[Your objective]: Please output exactly the lines below, starting at the line that has "Suelo radiante continuo" and ending at the line that has "1 bedroom property", both included; leave out all pictures and include nothing else.

[Data extracts]:
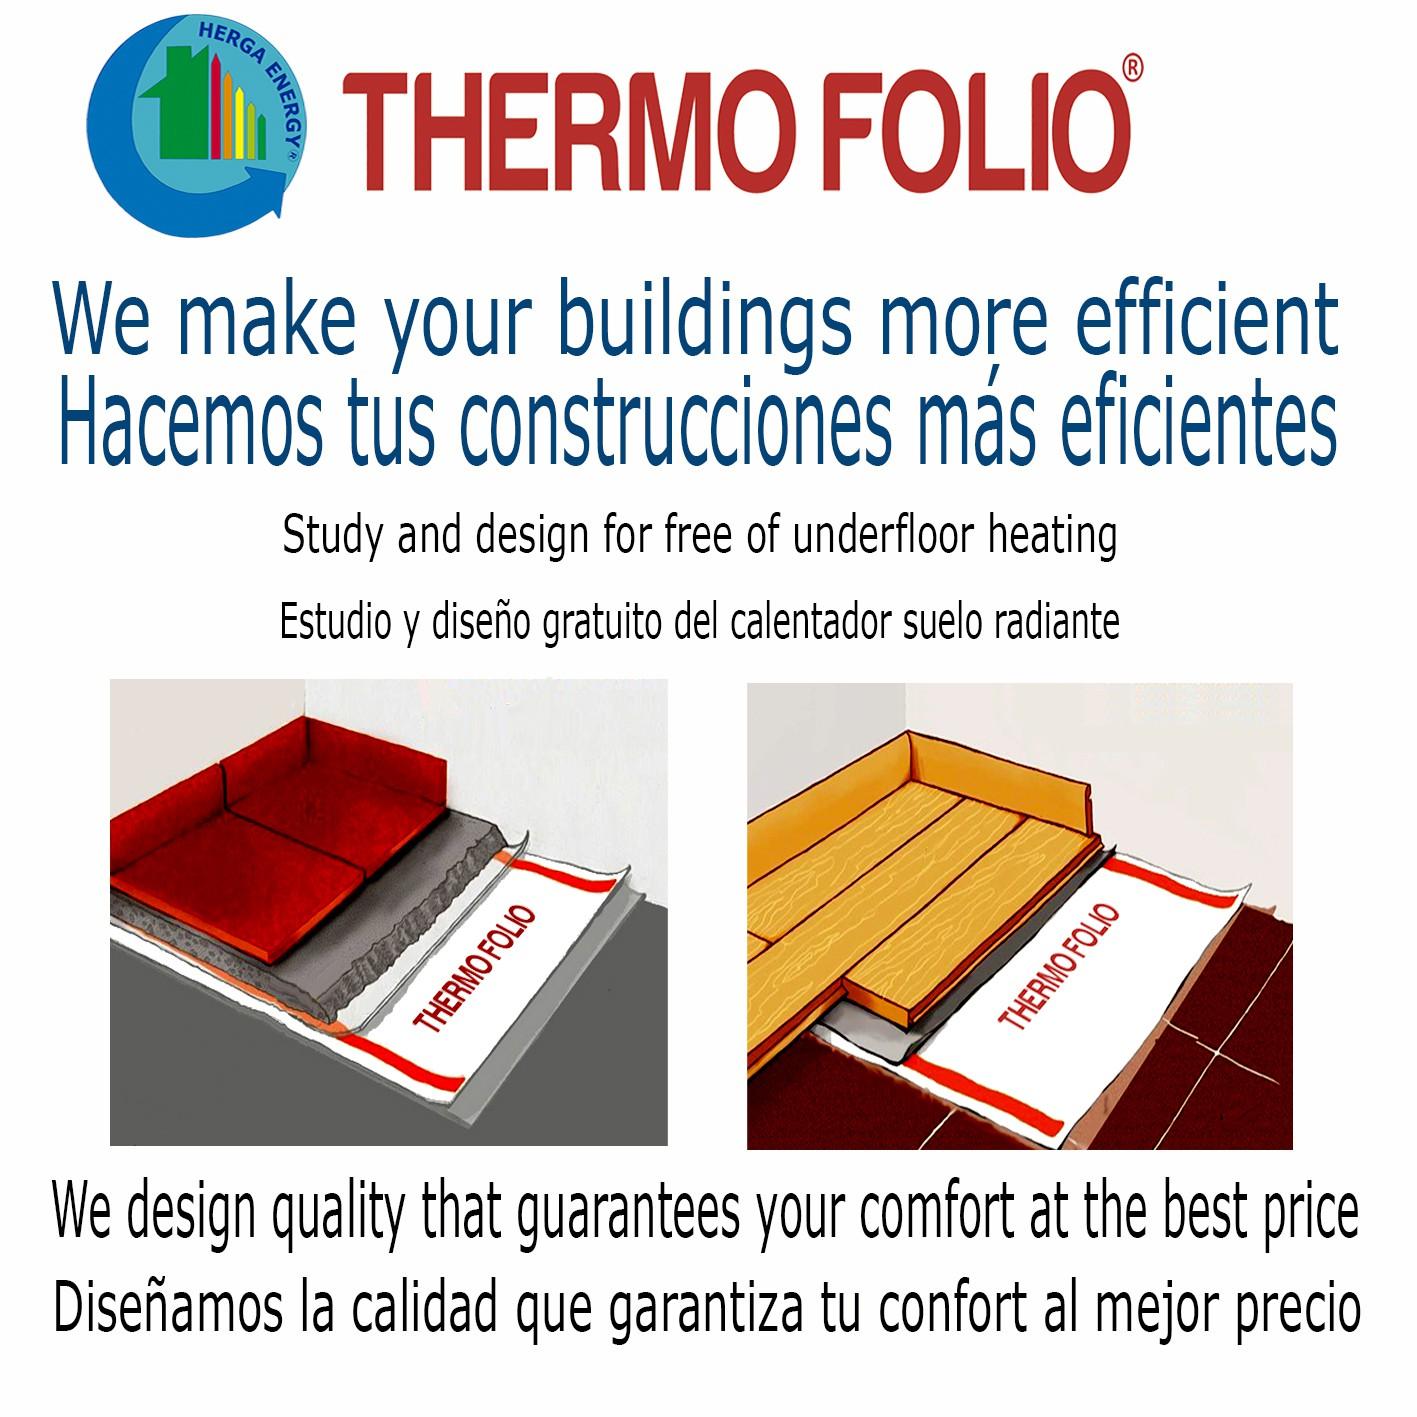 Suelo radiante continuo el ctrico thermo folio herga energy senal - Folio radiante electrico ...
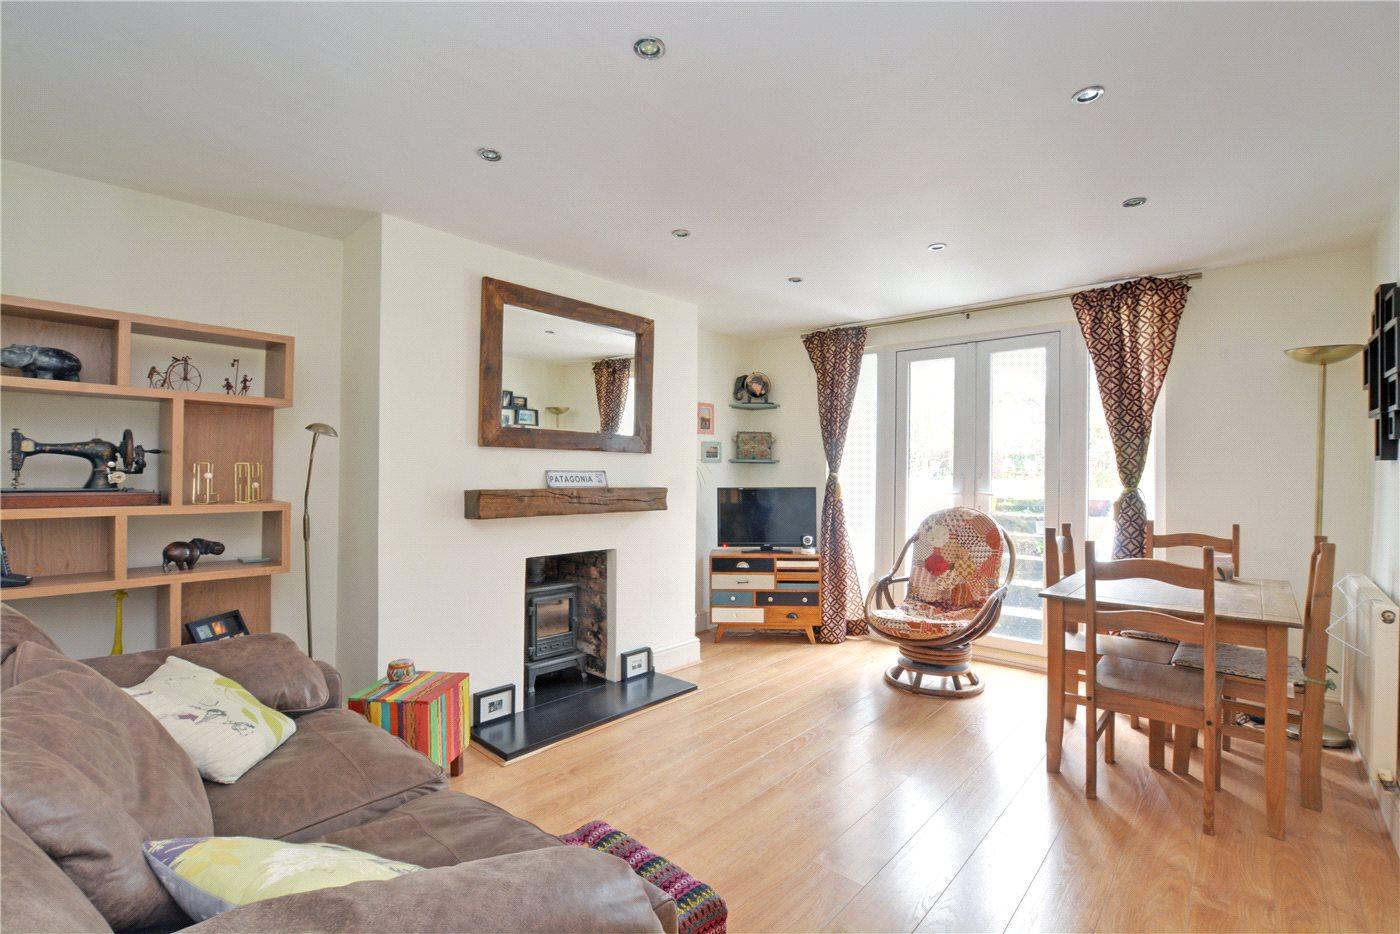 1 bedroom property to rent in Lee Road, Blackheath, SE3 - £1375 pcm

...

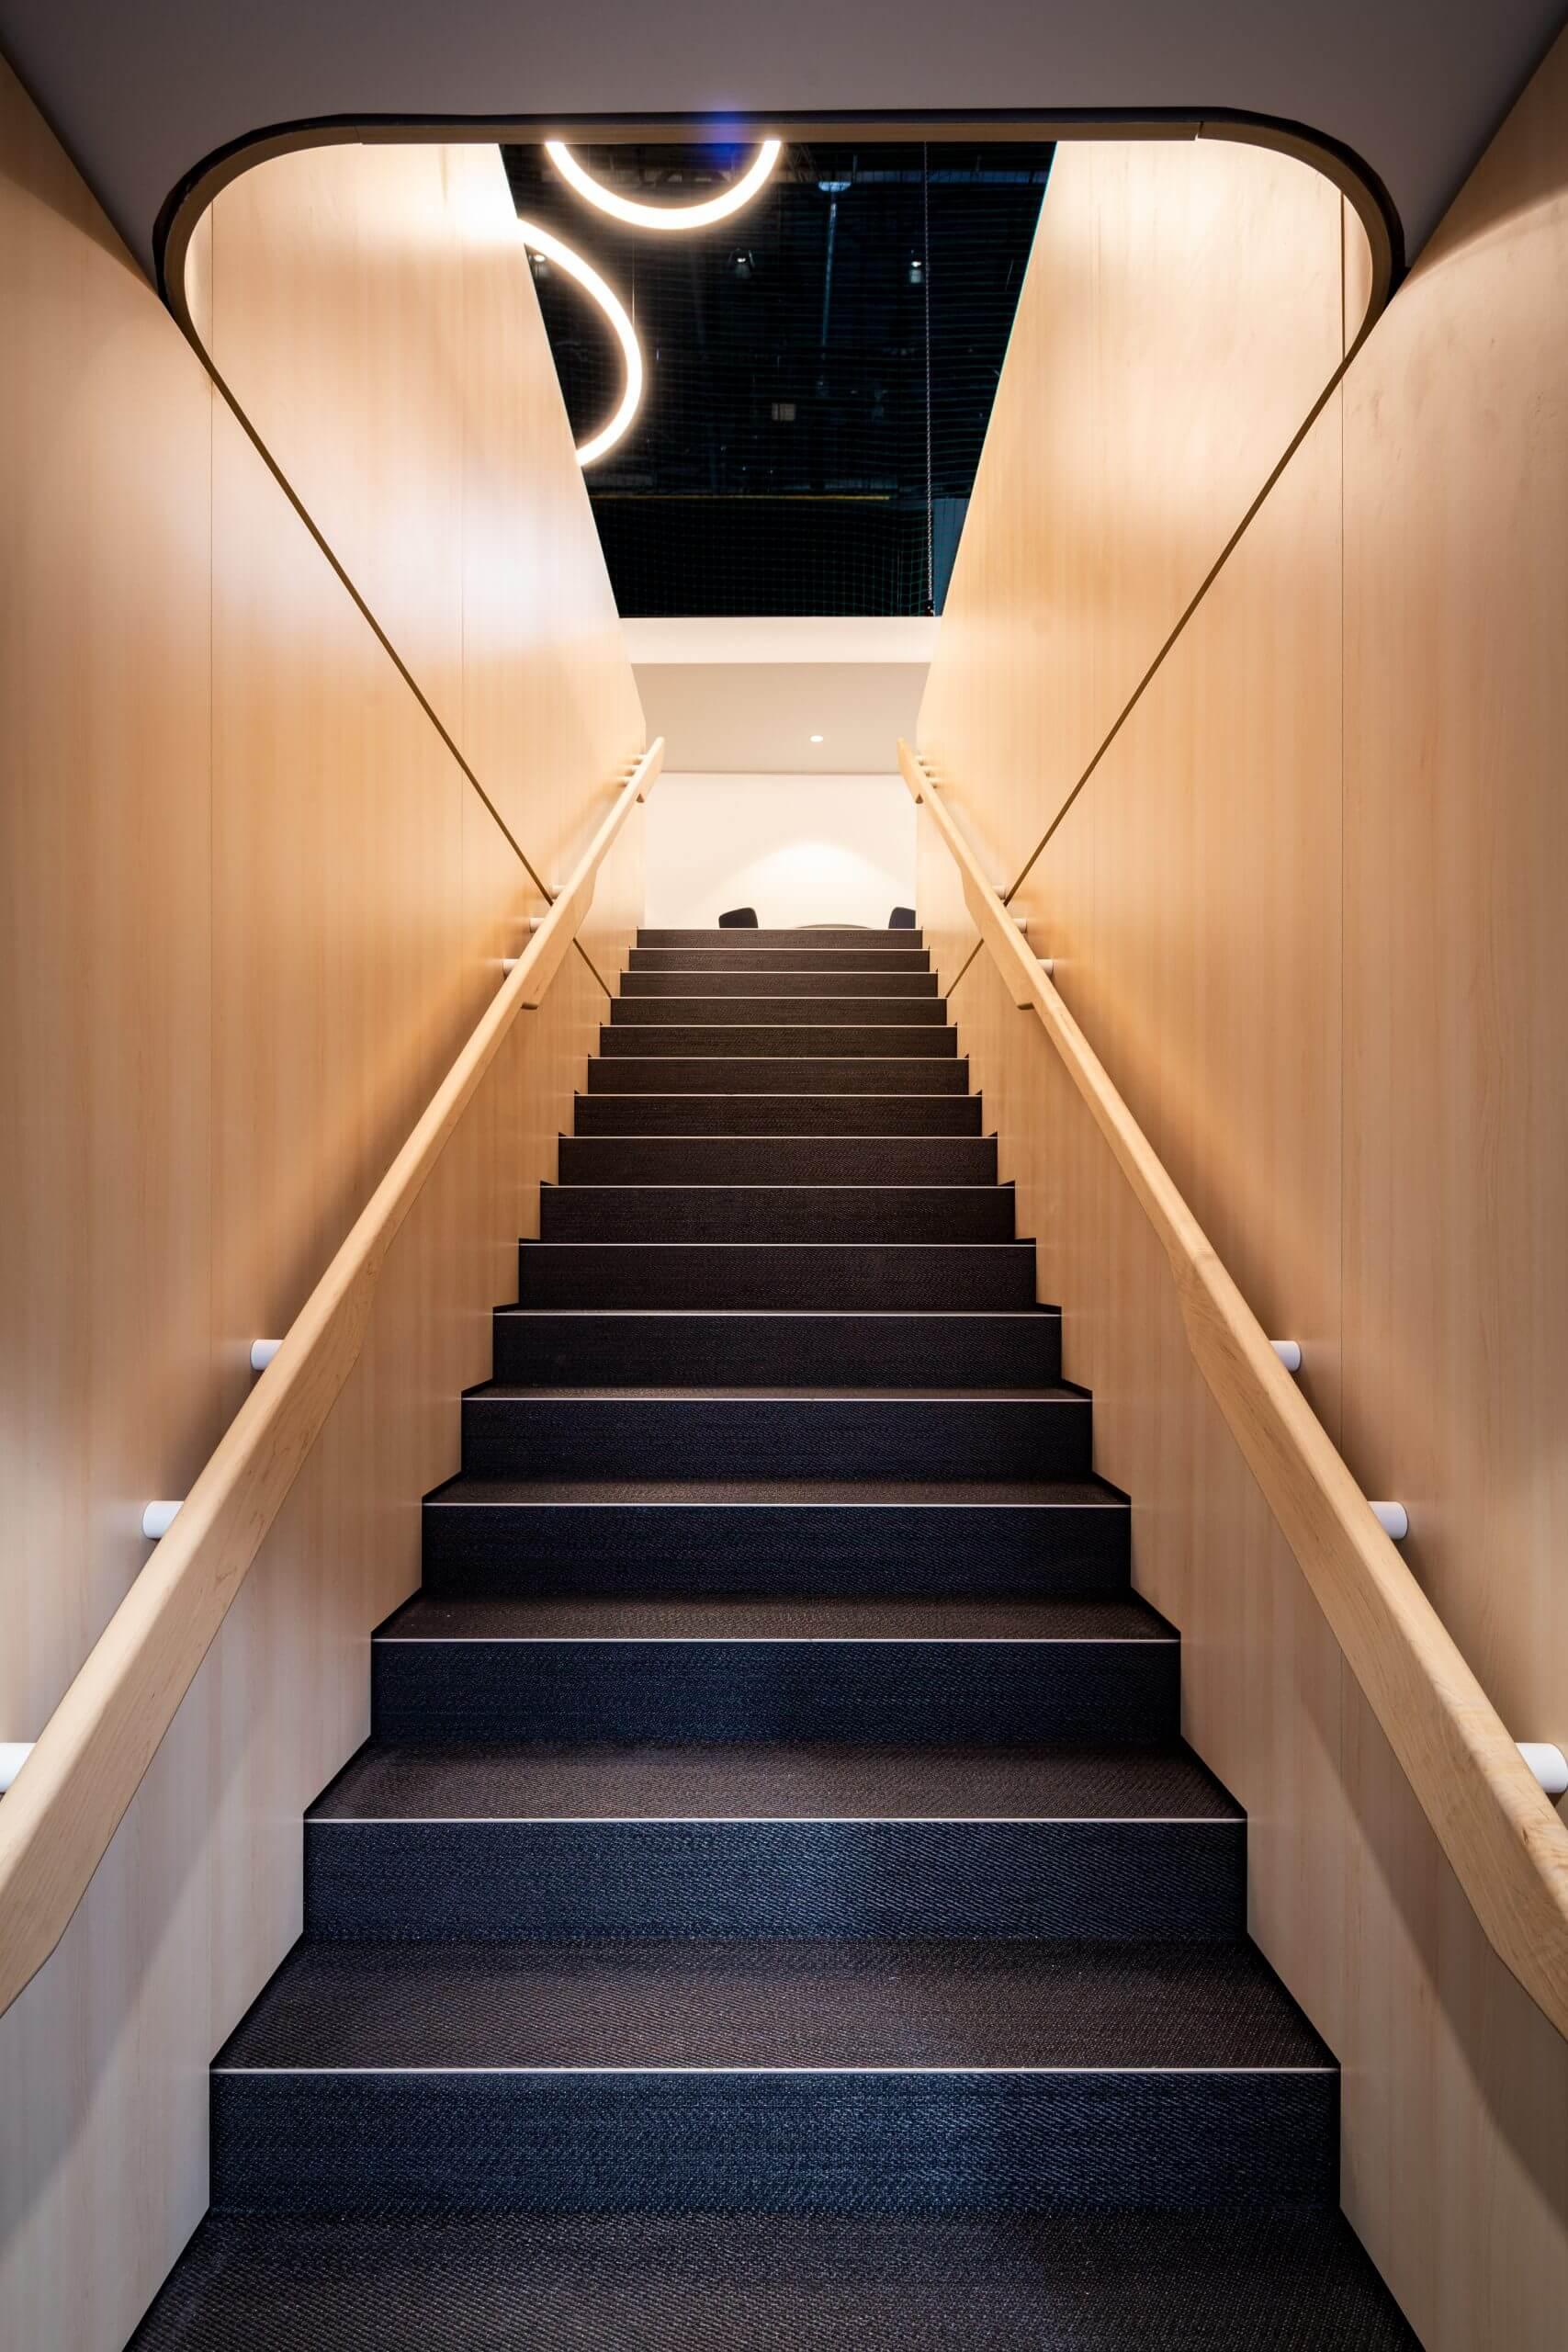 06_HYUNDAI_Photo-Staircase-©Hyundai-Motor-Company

[Exercise solution]:
 Suelo radiante continuo el ctrico thermo folio herga energy senal - Folio radiante electrico ...
 1 bedroom property to rent in Lee Road, Blackheath, SE3 - £1375 pcm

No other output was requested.